Finally, a reason for the Vortex bottle from Miller. With beer sales expected to drop, beer makers are going to do anything to grab our attention this summer, even if it means make beer in bottles that look like this
Who are the ad wizards that decided people would want to drink beer out of a bottle that looks like the drill-mobile from Total Recall? But is it really any worse than their current campaign, the one where the female bartender tells the guy to come back and order a Miller Lite when he's a real man? Who the fuck do they think they are? It's Miller Lite you stupid bitch, it tastes like asshole. The guy clearly doesn't want a fancy man beer, he's in a bar that serves Miller Lite. And sassy bartender, take a look in the mirror. You look like a supermodel, and you're apparently funny as hell, but yet you work in a bar whose best beer is Miller Lite. So, you're most likely retarded. But yeah, feel free to hurl insults at the poor bastard who has to patronize a bar whose top shelf beer is Miller Lite which is served to you by a rude dumbass.
I like how the bartender tells him to be a man and order a light beer. And count me in as someone who doesn't like stupid gimmick bottles. If you're going to make a special bottle/can to commemorate something or just for the sake of making your product look cool, that's fine. Even plastic bottles are cool b/c it means that stadiums can sell copious amounts of beer without worrying about someone getting hit in the face with a glass bottle. But don't change the design of your bottle and disguise your cheap marketing ploy as some sort of engineering feat. Last time I checked, I can write in complete sentences, can read a book longer than Hop on Pop and can tie my shoes in under 5 seconds so I don't need some special bottle to facilitate my drinking.

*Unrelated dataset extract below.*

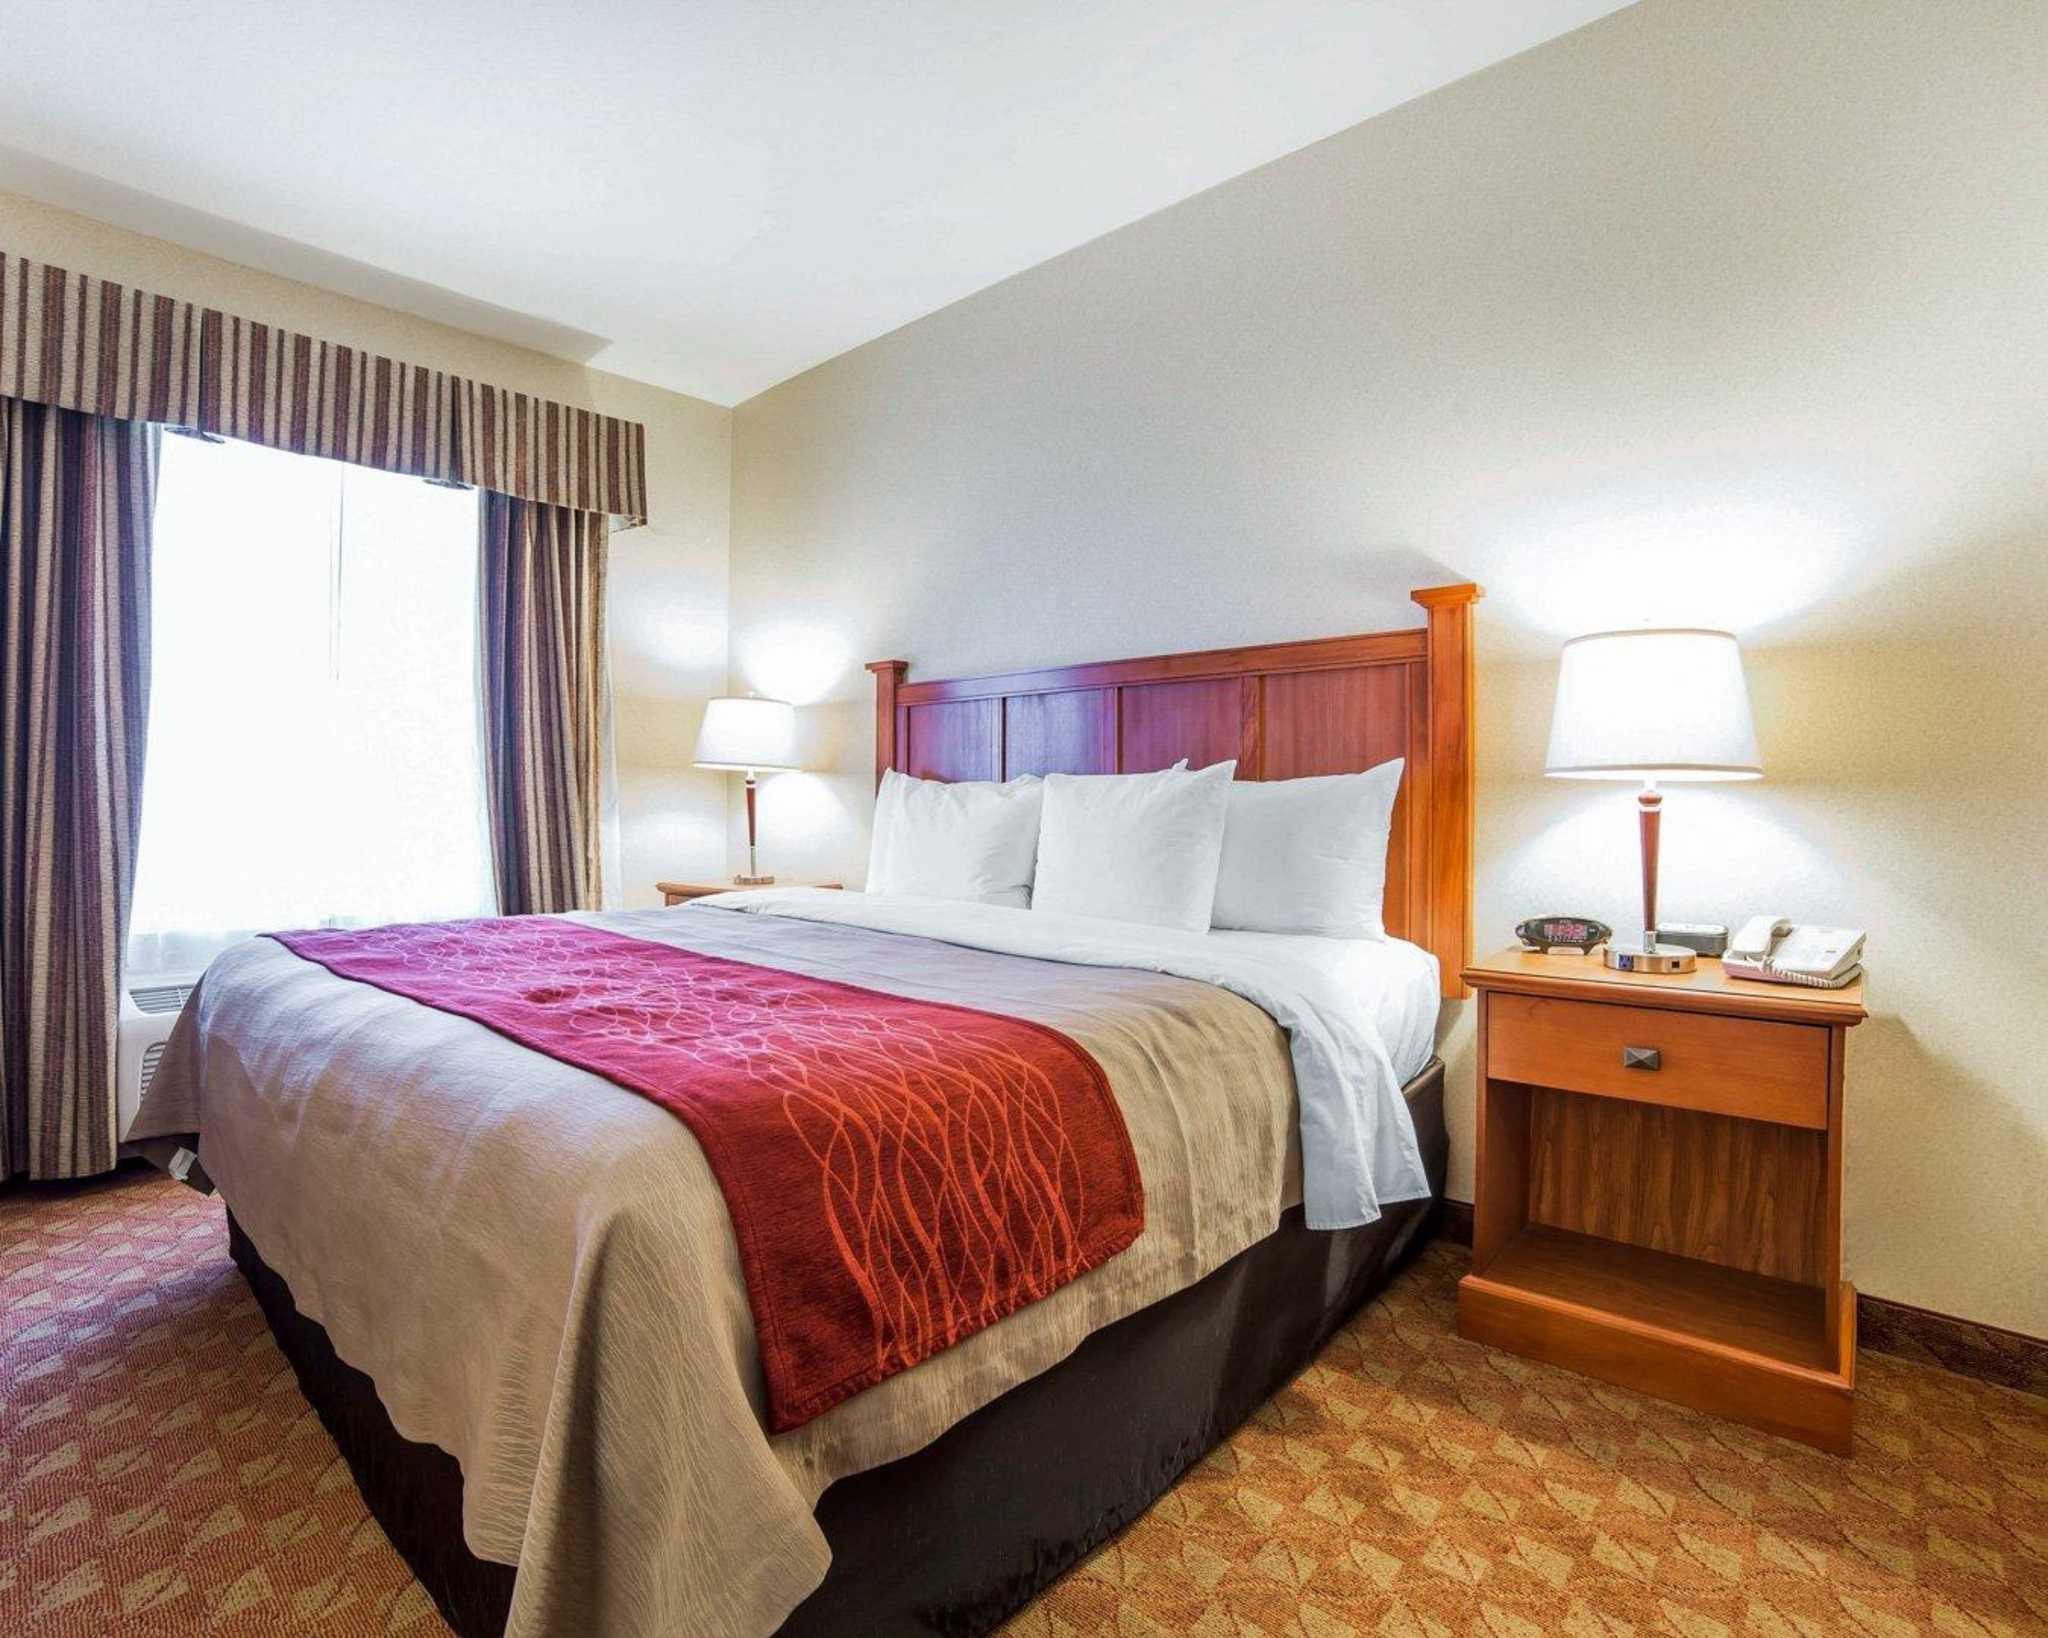 Comfort Inn & Suites Las Vegas - Nellis image 18

ReplyDeleteAgreed on all counts. While I'm not a Miller Lite guy, I detest it in fact, I would be way more likely to buy it if they went old school and brought back the pin-striped cans. Pull a PBR, use a logo that makes us remember a time that we didn't live through, but if we had would have been awesome. Hell, just replay some old "Great Taste/Less Filling" commercials as well, because Dr. Cox and the No Taste League stunk.